___ Data shown ___
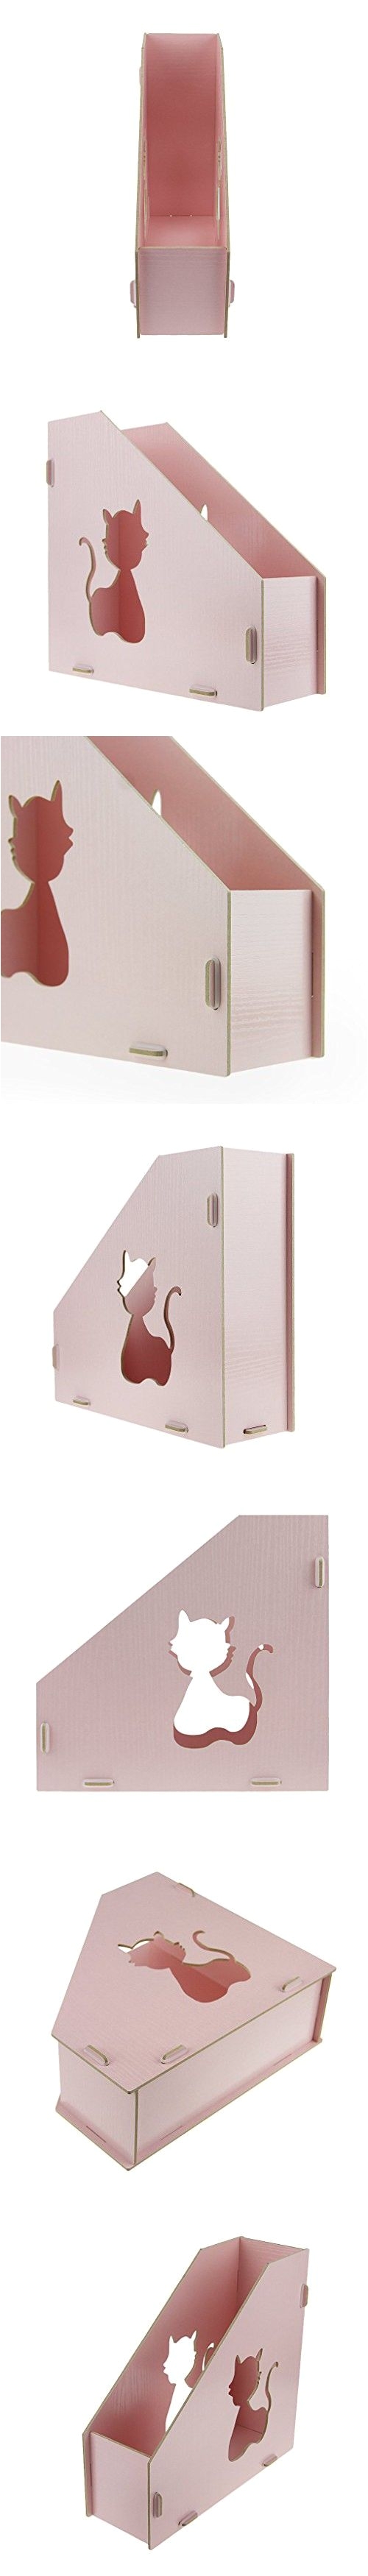 clobeau diy wooden hollow cats creative desktop file storage box document books magazine holder sorter office
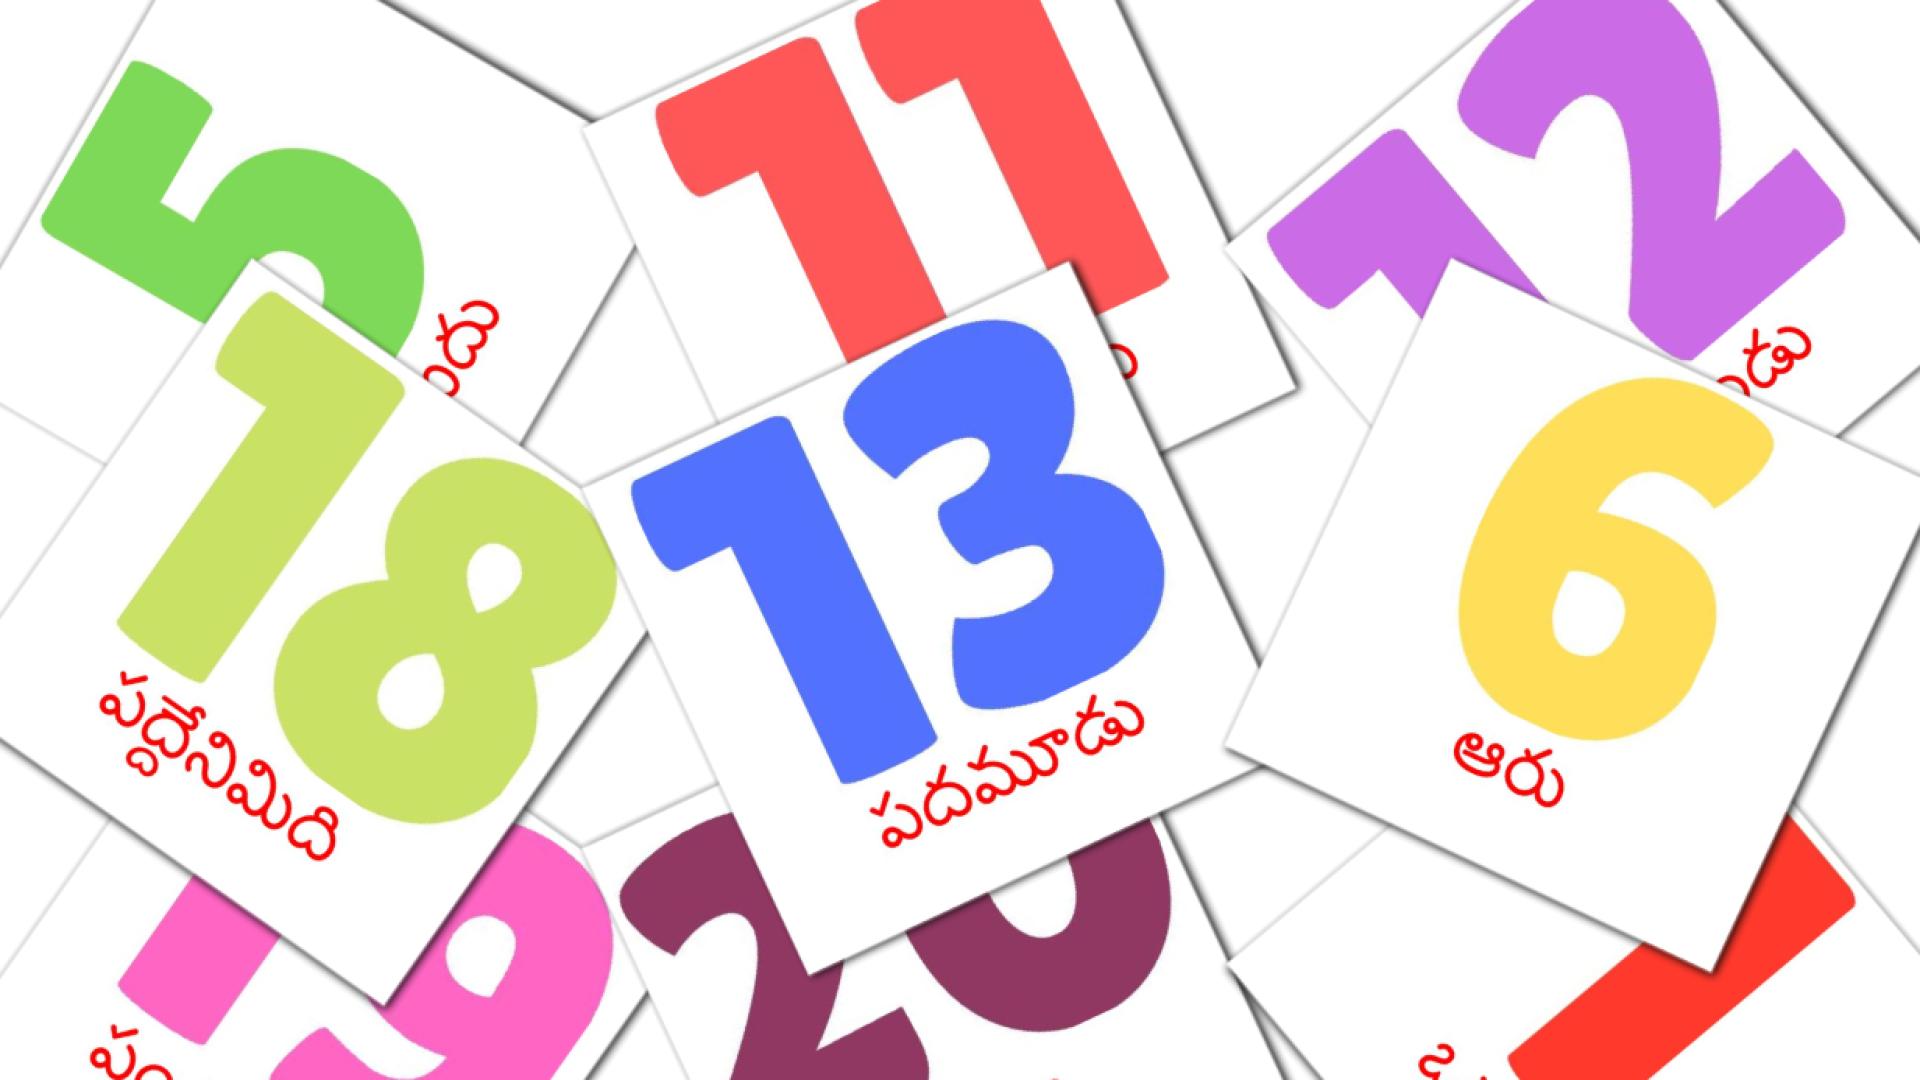 20 tarjetas didacticas de సంఖ్యలు (1-20)
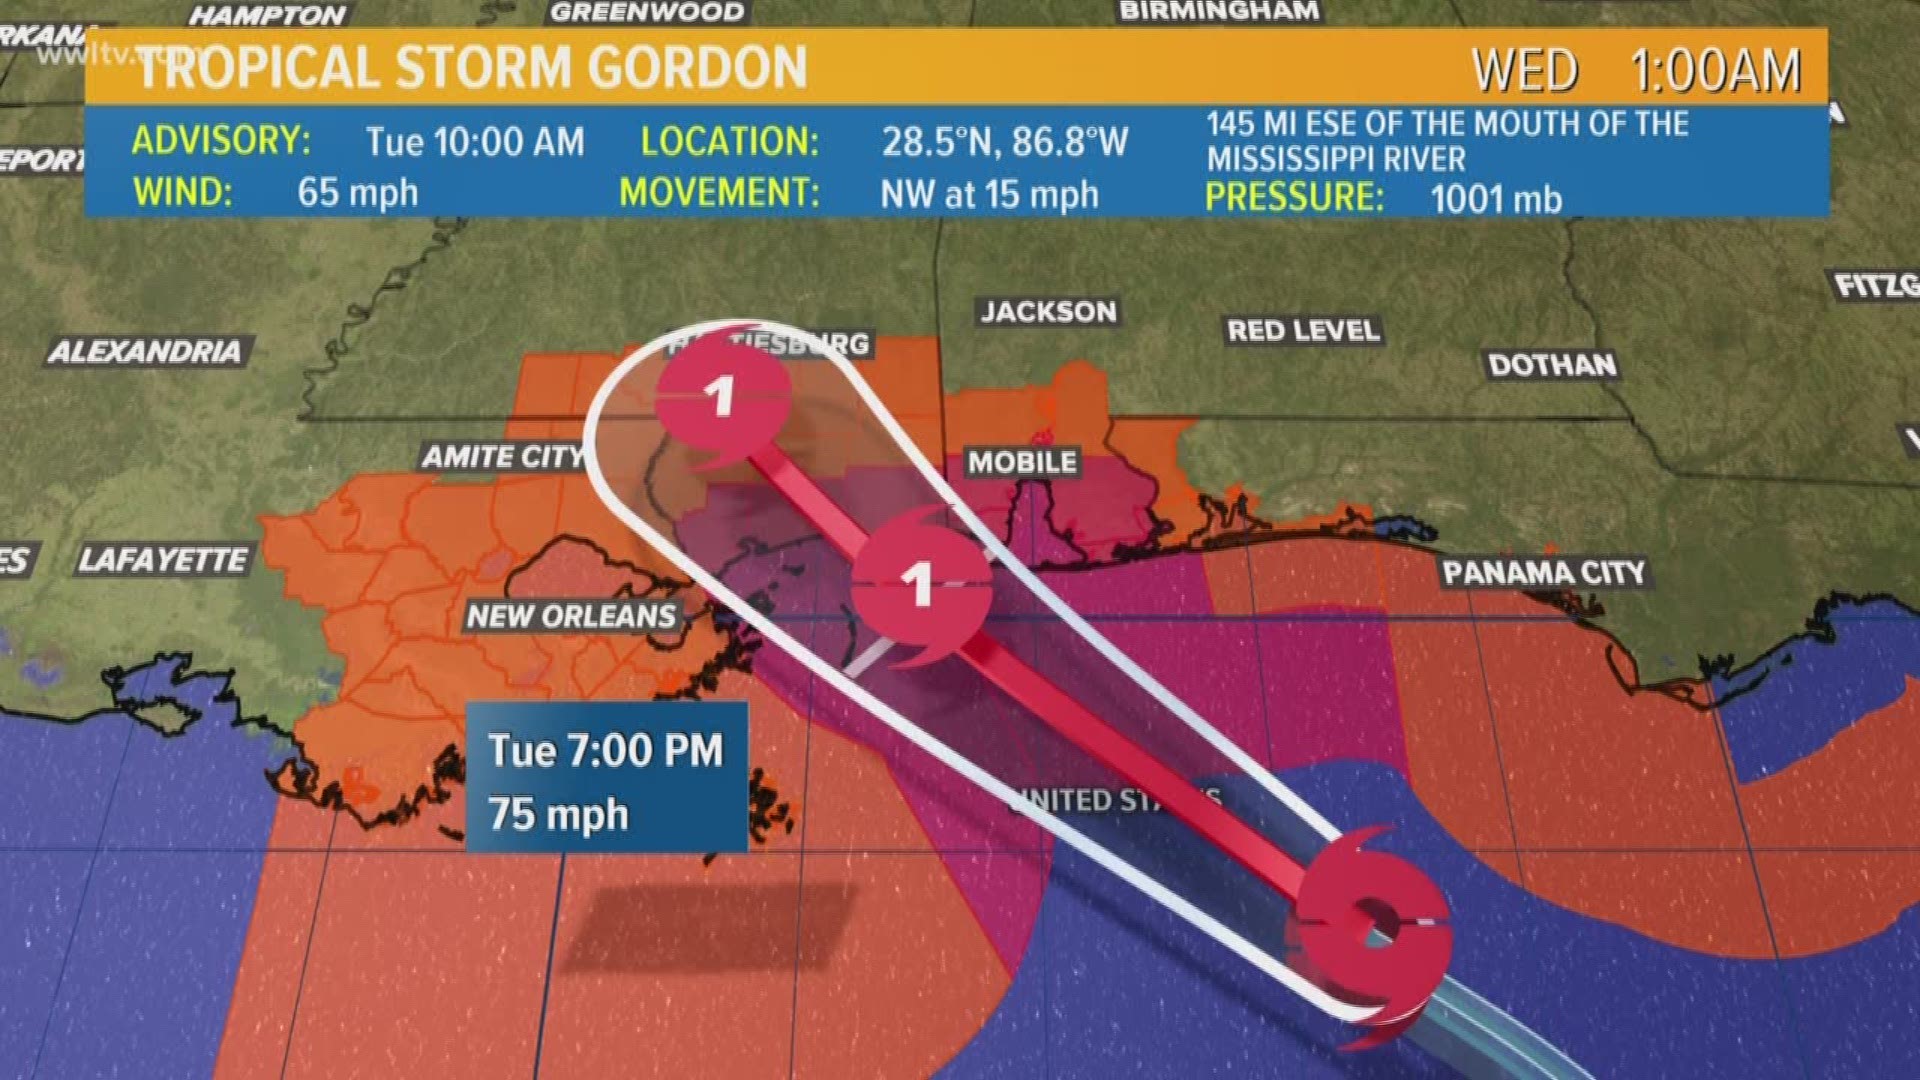 10 AM Update on Tropical Storm Gordon 9-4-18
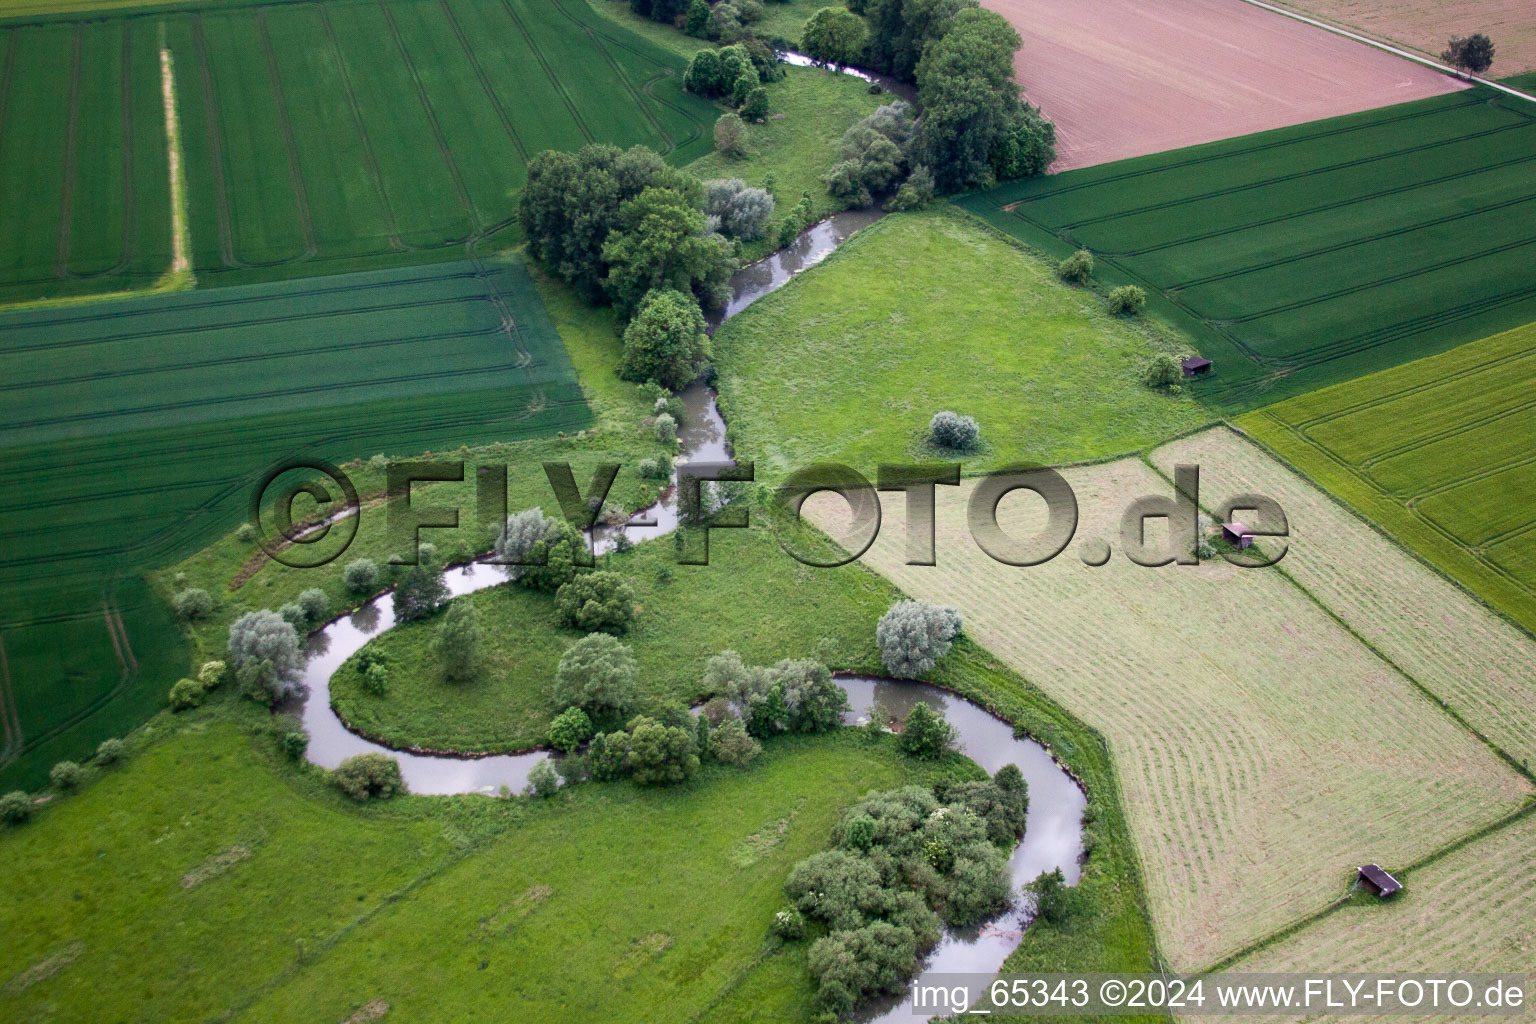 Serpentine curve of a river Nethe in Beverungen in the state North Rhine-Westphalia
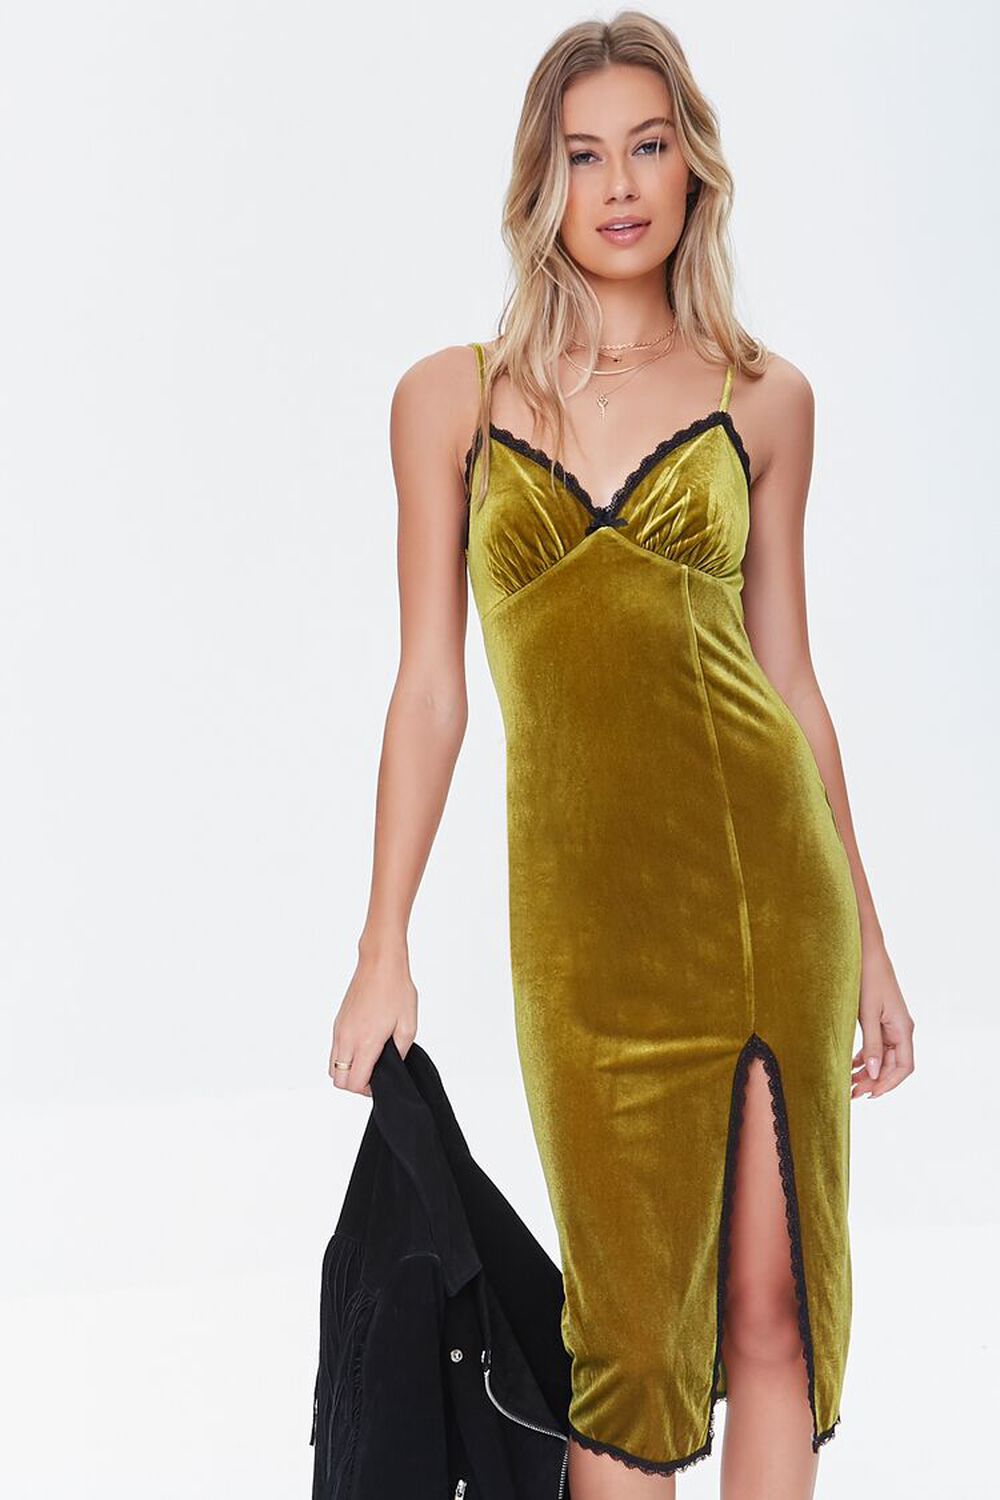 GOLD Velvet Lace-Trim Midi Dress, image 2
___
-- What needs to be done --
Restate the listing word for word, pictures omitted.

-- Answer space --
 clobeau diy wooden hollow cats creative desktop file storage box document books magazine holder sorter office
 20 tarjetas didacticas de సంఖ్యలు (1-20)
 10 AM Update on Tropical Storm Gordon 9-4-18
 Serpentine curve of a river Nethe in Beverungen in the state North Rhine-Westphalia
 GOLD Velvet Lace-Trim Midi Dress, image 2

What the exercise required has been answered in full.